Теперь приступим к описанию важнейшего дела Владимирова, которое всего более прославило его в истории… Исполнилось желание благочестивой Ольги, и Россия, где уже более ста лет мало-помалу укоренялось христианство, наконец, вся и торжественно признала святость оного, почти в одно время с соседственными землями: Венгрией, Польшей, Швецией, Норвегией и Данией.
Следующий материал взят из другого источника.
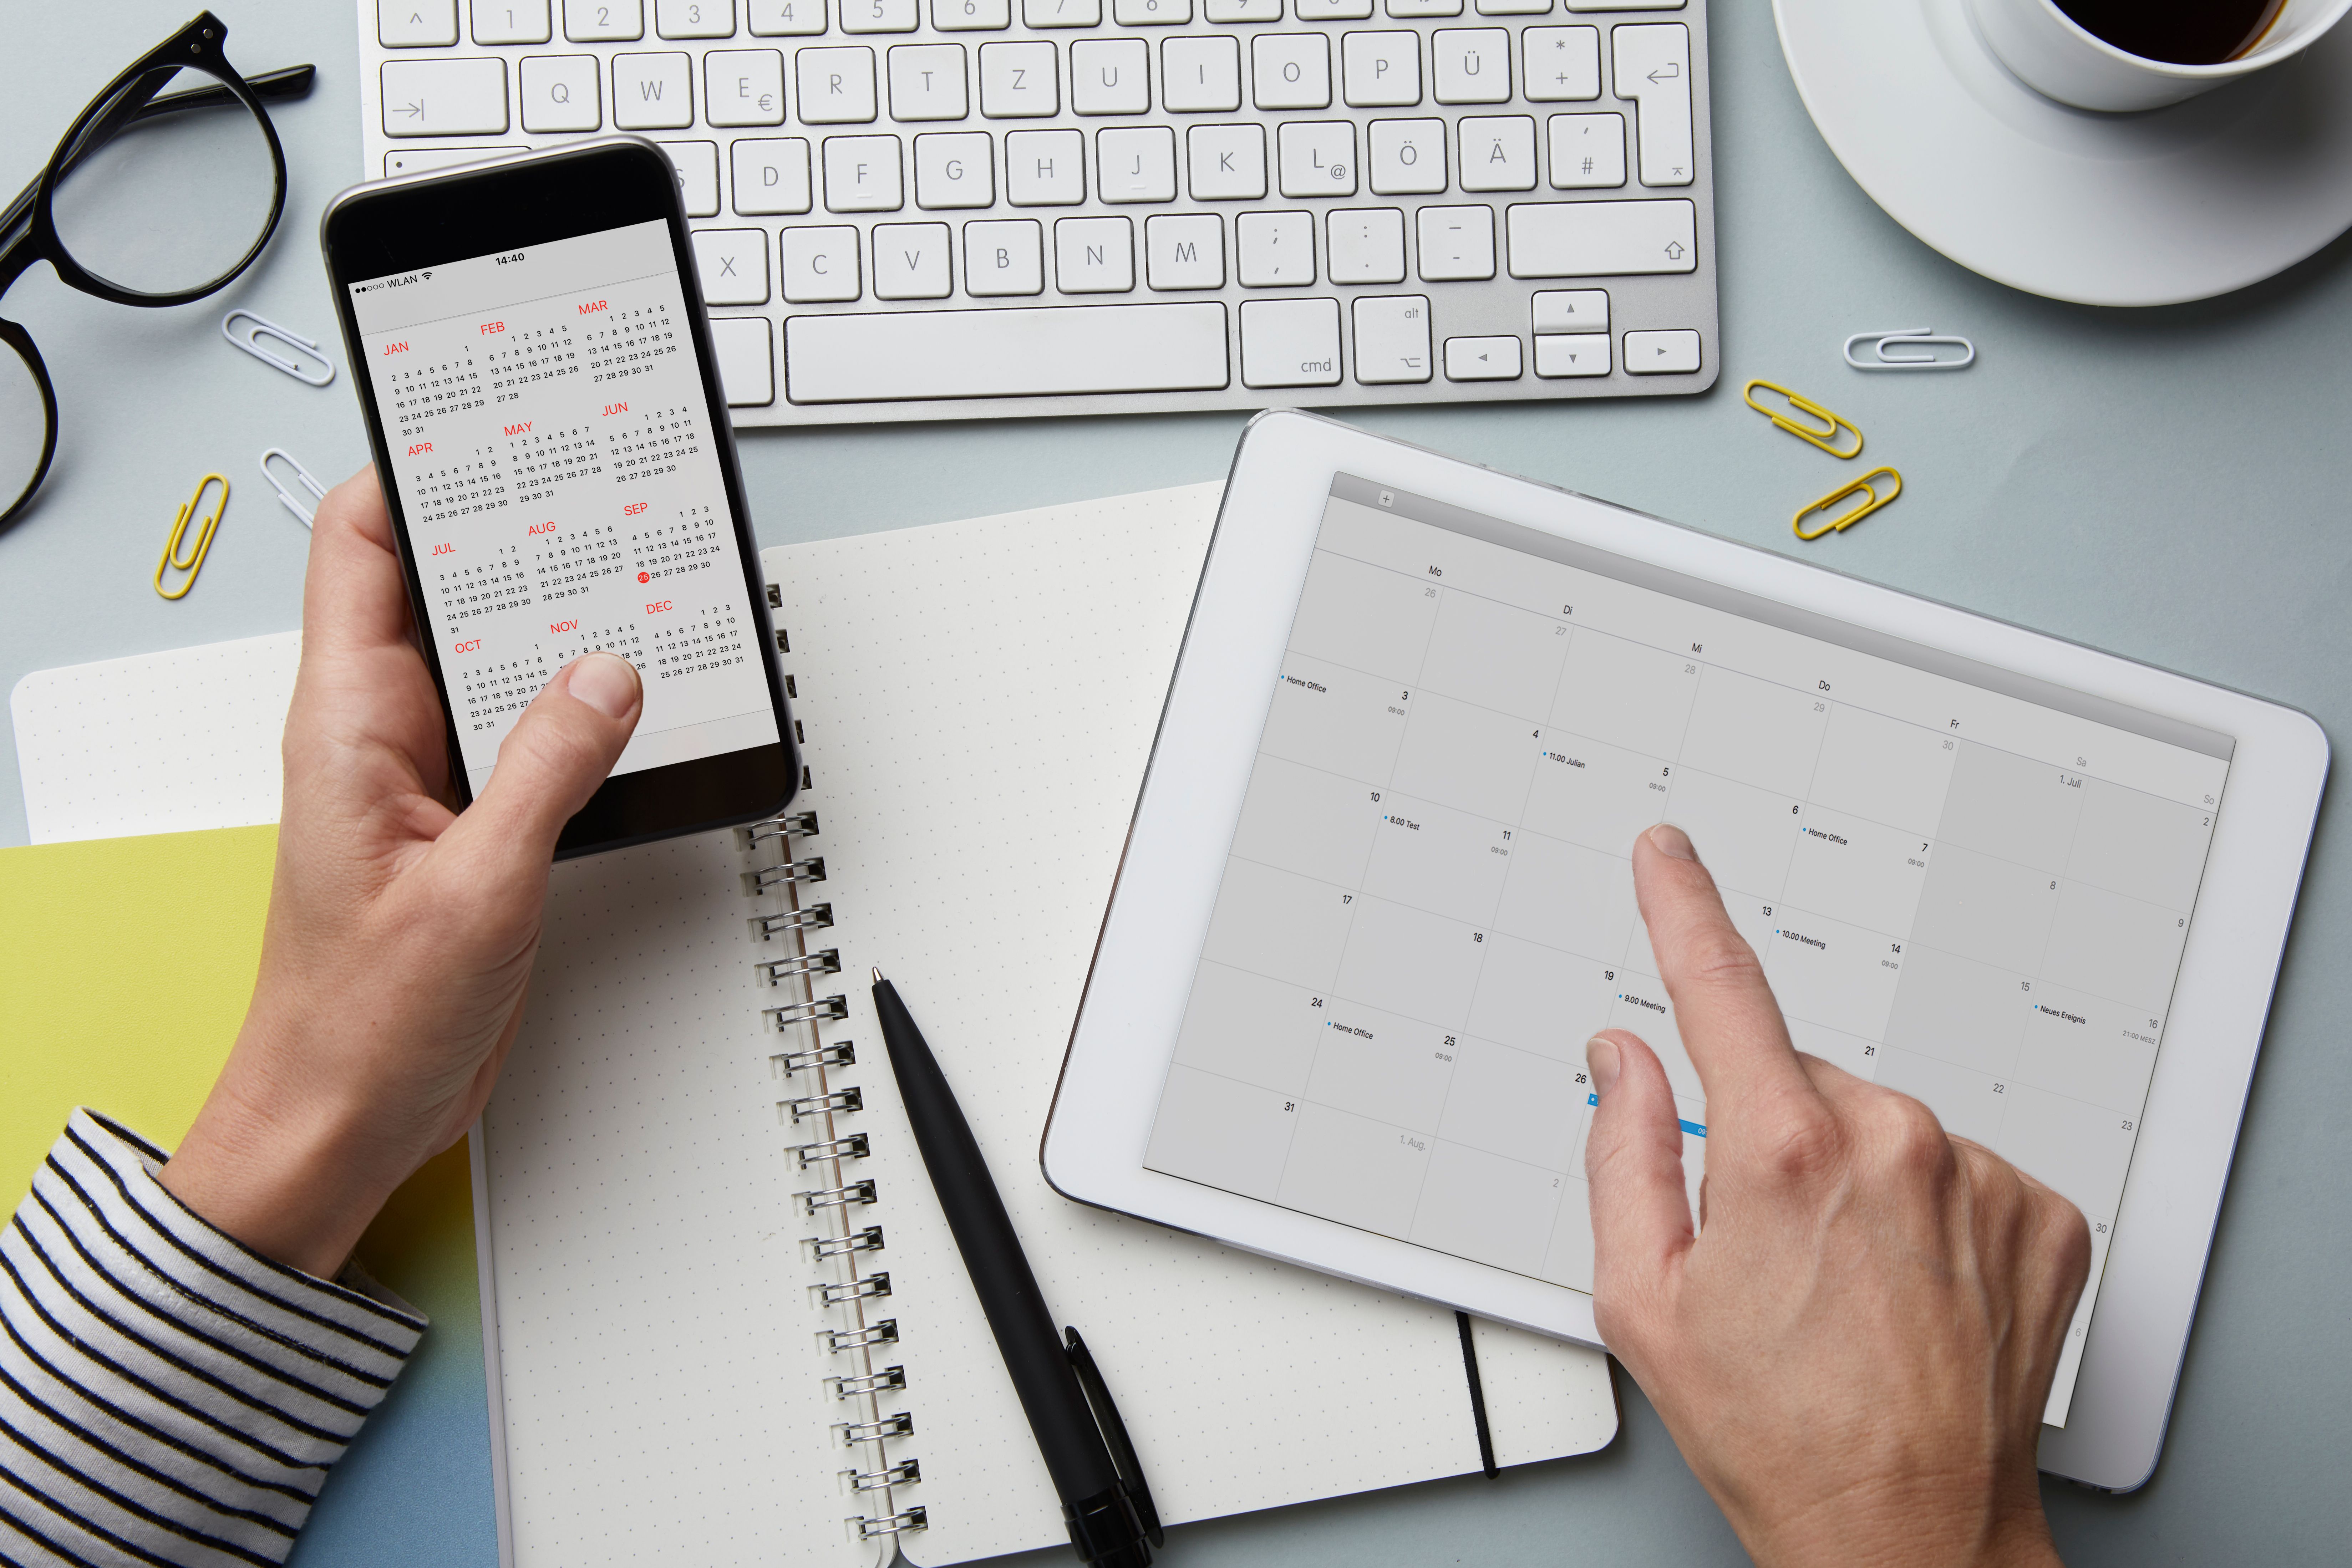 Les calendriers s'ouvrent sur un téléphone et une tablette. | Source : Getty Images
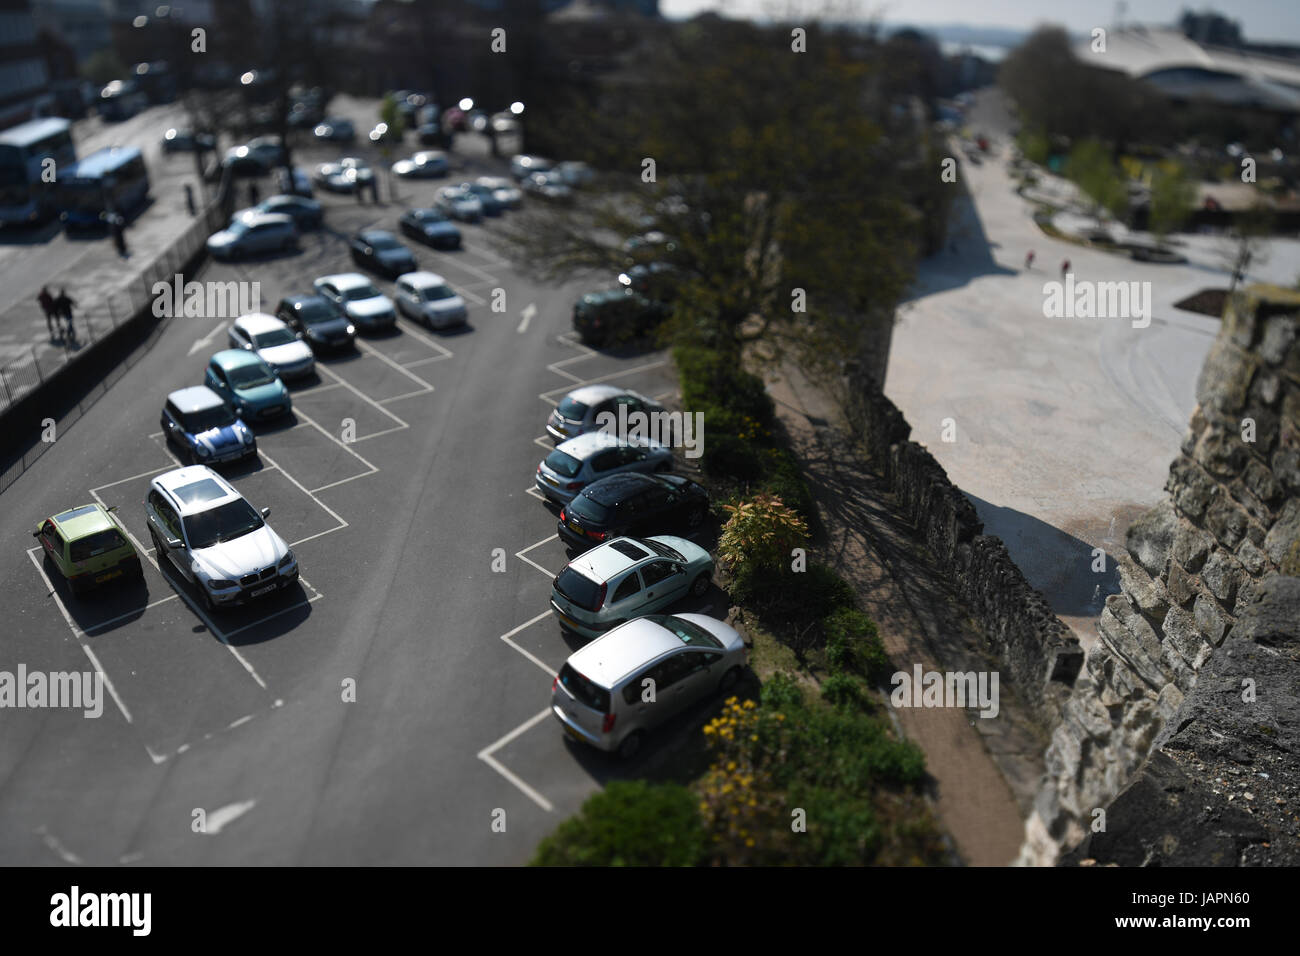 Una fotografia di un parcheggio con una inclinazione obiettivo di cambio per modificare il piano focale e grande l'effetto creativo Foto Stock

Самое разделение церквей, восточной и западной, имело полезное содействие для истинной веры: ибо главы их старались превзойти друг друга в деятельной ревности к обращению язычников.
Наш древний летописец повествует, что не только христианские проповедники, но и магометане, вместе с иудеями, обитавшими в земле Козарской или в Тавриде, присылали в Киев мудрых законников, склонять Владимира к принятию веры своей и что Великий князь охотно выслушивал их учение. Случай вероятный: народы соседственные могли желать, уже славный победами в Европе и Азии, исповедовал одного бога с ними, и Владимир мог, также - увидев, наконец, подобно великой бабке своей, заблуждение язычества - искать истины в разных верах.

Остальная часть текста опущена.